The question of a reasonable response is to be judged from the point of view of the defendant considering potential future risks when there are many risks and factors to be considered.  It is not retrospective so the question is not ‘what could have been done to prevent this offence (or harm)?’ but what would a person who does not know which risks or harms might occur do when scanning the risk horizon and consider what risks to address and how.  It’s probably impossible to stop shootings like this without turning schools into prisons like institutions. (I can say, having sent my children to UK primary schools that introduced significant security after the Dunblane massacre of 1996, sending children to high security primary schools is confronting.)

Finally it has to be remembered that Australia has universal health care so if this occurred in Australia the victims would have been treated by jurisdictional ambulance services, in public hospitals, and been provided with follow up care all at the public expense.  Further all states and territories have victims of crime compensation schemes (see Victims of Crime (Financial Assistance) Act 2016 (ACT): Victims Rights and Support Act 2013 (NSW); Victims of Crime Assistance Act (NT); Victims of Crime Assistance Act 2009 (Qld); Victims of Crime Act 2001 (SA); Victims of Crime Assistance Act 1976 (Tas); Victims of Crime Assistance Act 1996 (Vic) and Criminal Injuries Compensation Act 2003 (WA)).  These schemes would not be as generous as a common law claim but the payments do not require litigation or proof of fault.  What that means is that many of the victims’ needs would be met (or at least better met than I anticipate would be the case in the US) by the state without the need to litigate.


In the United States, U.S. District Judge Beth Bloom felt the issue in question had been determined ‘by the Eleventh Circuit’ and so the matter could be struck out.  I would expect that in Australia, given the state of authorities (of which I have only discussed one), a trial court would not necessarily dismiss the case without trial, but plaintiffs would face a very difficult trial.

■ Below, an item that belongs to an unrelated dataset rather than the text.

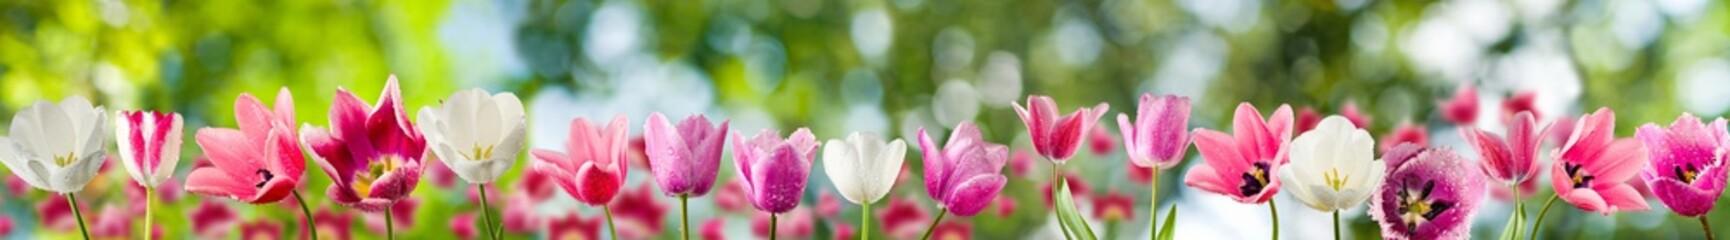 Image of tulips closeup

It is my view that a school would not be under a duty to prevent the criminal conduct of a stranger set on causing harm.  There would be a duty to have generic emergency procedures and procedures to control entry to the school (there are lots of people, not just shooters, who shouldn’t be on school grounds) so there may be a question of whether whatever procedures were in place were a ‘reasonable response’ to the risk.  We don’t know anything about Marjory Stoneman Douglas High so one cannot comment on whether their security measures were ‘reasonable’.  I would suggest that the type of security in an Australian school would, reasonably, look very different to that in an American school.

My prediction is that if this occurred in Australia the matter may go to trial but I would predict firstly that no-one would actually seek to sue the school or police (given we don’t have the constitutional provisions of the US) and if they did, neither the school nor the police would be liable for damages.